Our data indicate that among the four core histone subunits, IFI16 most significantly mediates the deacetylation of H2B. While the acetylation of histones H3 and H4 is more widely established as regulators of cellular transcription, H2B acetylation is increasingly being recognized for its critical role in transcription initiation and elongation, particularly within the promoter and enhancer regions of actively transcribed genes [74]. Moreover, H2B acetylation serves as a recruitment signal for other bromodomain-containing proteins and chromatin remodelers, which are essential for facilitating RNA polymerase II progression [75,76]. This presents a compelling hypothesis suggesting that IFI16-mediated acetylation of histone H2B on KSHV chromatin serves as a dynamic regulatory mechanism that intricately modulates the expression of KSHV lytic genes. Importantly, our prior studies have demonstrated that the IFI16 protein undergoes selective degradation during the lytic reactivation of cells harboring latent KSHV [35]. Therefore, during the latency phase, when IFI16 levels remain intact, the protein facilitates the recruitment of the NuRD and Sin3A complexes, resulting in the deacetylation of KSHV lytic promoters and effectively silencing their expression.
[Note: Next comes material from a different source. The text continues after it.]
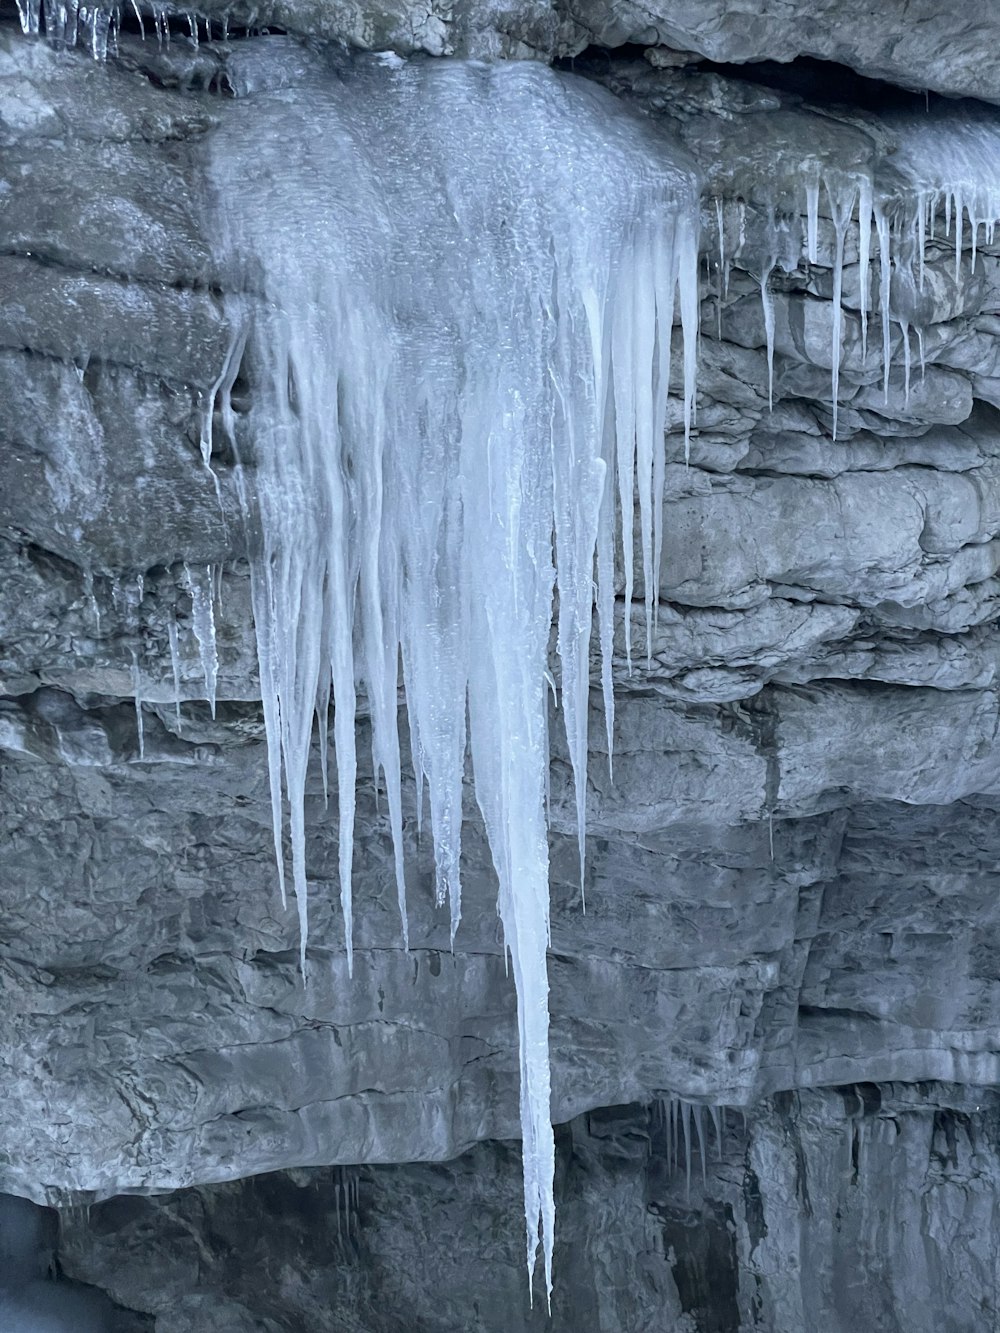 icicles hanging from the side of a cliff

However, upon the induction of lytic reactivation, the targeted degradation of IFI16 occurs, thereby alleviating the hypoacetylation pressure on the lytic promoters and allowing for their derepression.
This study raises several important questions that merit further investigation. First, it remains to be determined whether IFI16 functions as a stable, resident component of the NuRD and Sin3A co-repressor complexes in broader cellular contexts or whether its incorporation into these complexes is conditional, specifically mobilized during antiviral responses such as herpesviral gene silencing. Second, considering IFI16’s established role as a nuclear DNA sensor, it will be intriguing to explore the crosstalk between the innate immune pathways and the epigenetic restriction factor (eRF) roles of IFI16 [23]. Third, it will be worthwhile to explore whether KSHV exploits this IFI16-NuRD/Sin3A axis to establish and maintain its latency by promoting the epigenetic silencing of lytic promoters. Fourth, it is unclear whether this mechanism is unique to KSHV or represents a broader strategy employed across the herpesvirus family; determining whether IFI16 mediates NuRD/Sin3A recruitment to chromatin in the context of other herpesviruses could offer valuable insight into conserved host–virus epigenetic interactions. Finally, future studies can investigate whether post-translational modifications of IFI16, such as acetylation or phosphorylation, modulate its ability to recruit or stabilize these co-repressor complexes at viral chromatin. Collectively, future studies to address these questions will enhance our understanding of how host nuclear surveillance pathways intersect with chromatin remodeling machinery to control viral latency and reactivation.

Author Contributions

Conceptualization, A.G. and A.R.; methodology, A.G. and A.R.; formal analysis, A.G. and A.R.; investigation, A.G. and A.R.; resources, B.C. and A.R.; data curation, A.G. and A.R.; writing—original draft preparation, A.G. and A.R.; writing—review and editing, A.G., B.C., and A.R.; visualization, A.G. and A.R.; supervision, B.C. and A.R.; project administration, B.C. and A.R.; funding acquisition, B.C. and A.R. All authors have read and agreed to the published version of the manuscript.

Funding

We acknowledge the following sources for funding: This work was supported in part by Institutional Research Grant number IRG21-145-25 from the American Cancer Society to AR, Start-Up funds from the Department of Interdisciplinary Oncology, LSU-LCMC Cancer Center, Louisiana State University Health Science Center, New Orleans to AR, and the Public Health Service grant R01 CA180758 to BC.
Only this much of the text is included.